In a press release, the insurance company said it will be using the fresh capital to “support Fidelis’ further growth,” signaling the firm’s plan to boost its presence across different markets.
In a statement, Richard Brindle, Chairman and Group CEO of Fidelis, said that the recently secured fund, combined with the company’s profit last year, will greatly benefit Fidelis.
The capital raised, in addition to the accumulated profits from 2019 position, will increase positive market conditions, particularly in certain specialty and reinsurance segments, and will give Fidelis capacity for growth and greater influence in its chosen markets, he explained.
Along with this, the CEO also claimed that the successful capital raise serves as a validation of the company’s business model and a testament to its commendable performance within the industry.
“This successful capital raise is further validation of the Fidelis business model and recognises our market-leading performance to date,” he claimed. “It has given us significant firepower in a market where we are seeing attractive opportunities.

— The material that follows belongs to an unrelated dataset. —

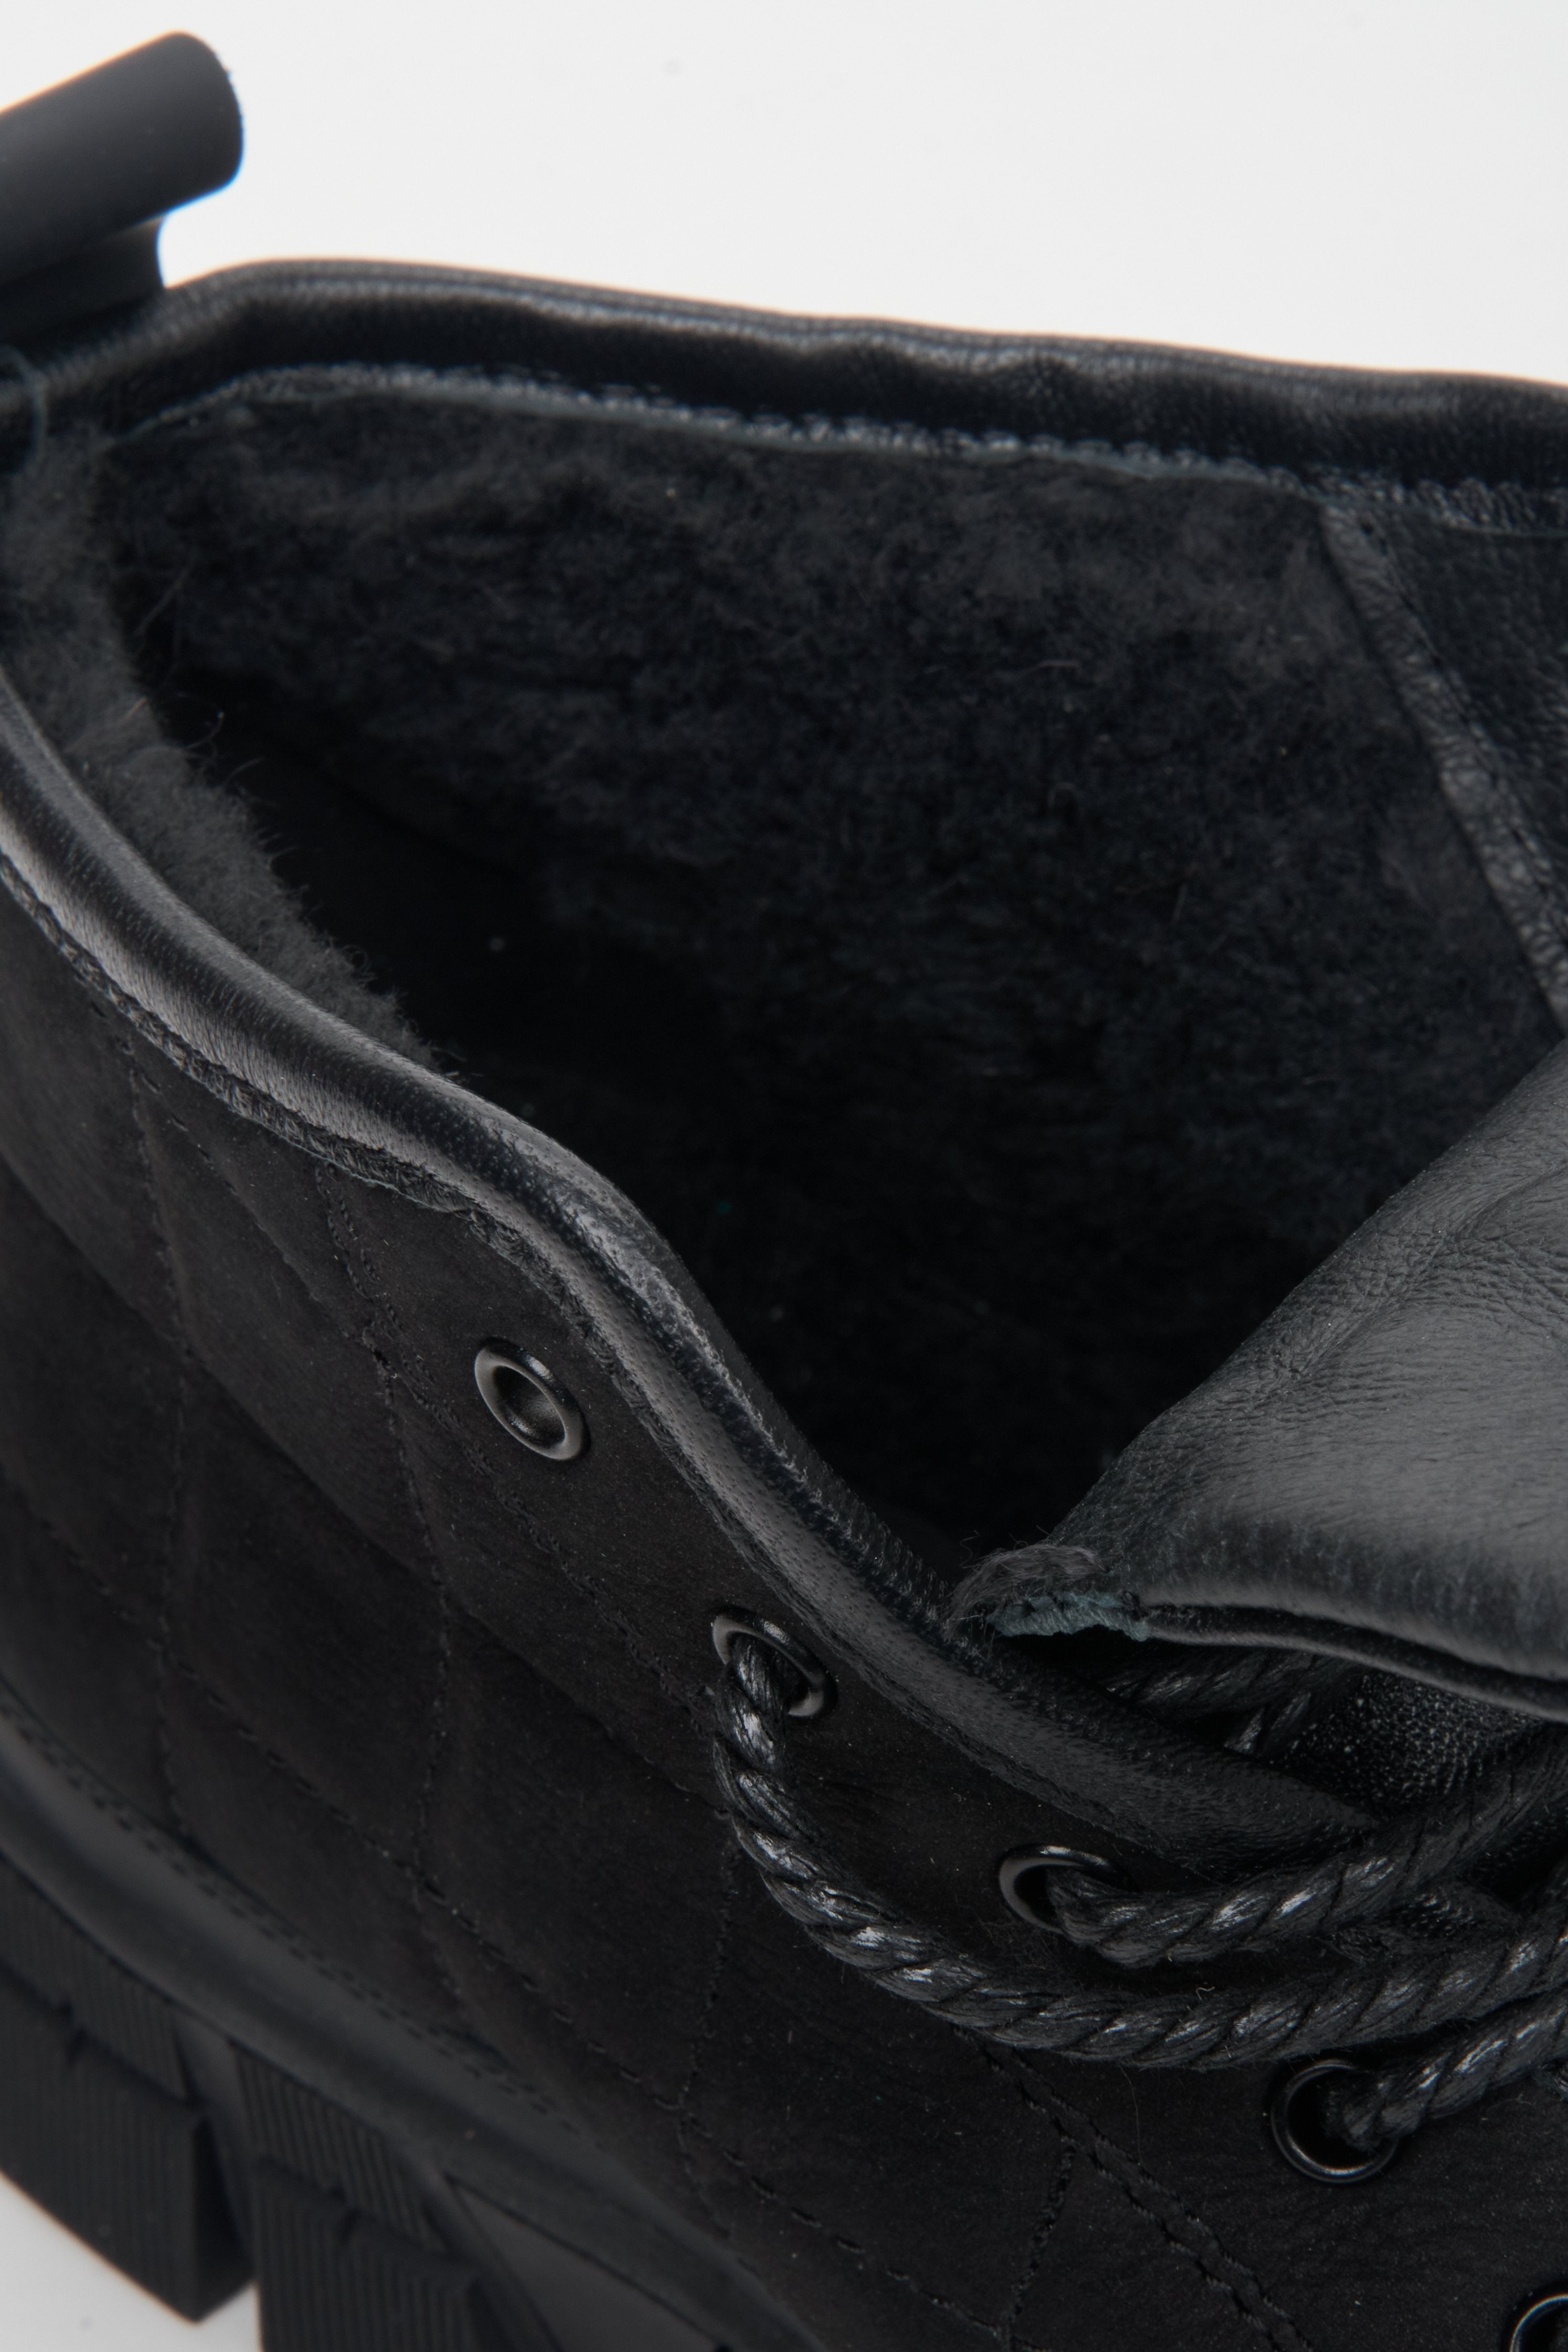 Botki męskie zimowe w kolorze czarnym marki Estro - zbliżenie na wypełnienie ocieplające buta.

We are delighted to have secured a further vote of confidence from our existing shareholders and also to welcome ADIA as a new investor to the Company.”
Founded in 2005, Fidelis Insurance runs as an insurance and reinsurance business operating a Four Pillar strategy across Bespoke, Reinsurance, and Specialty underwriting units.
“The Four Pillar model provides Fidelis with diversified income streams which allow the Company to target the most compelling opportunities across the insurance cycle,” the firm noted.
As disclosed in the release, the business was said to be advised on the transaction by Evercore and Willkie Farr & Gallagher.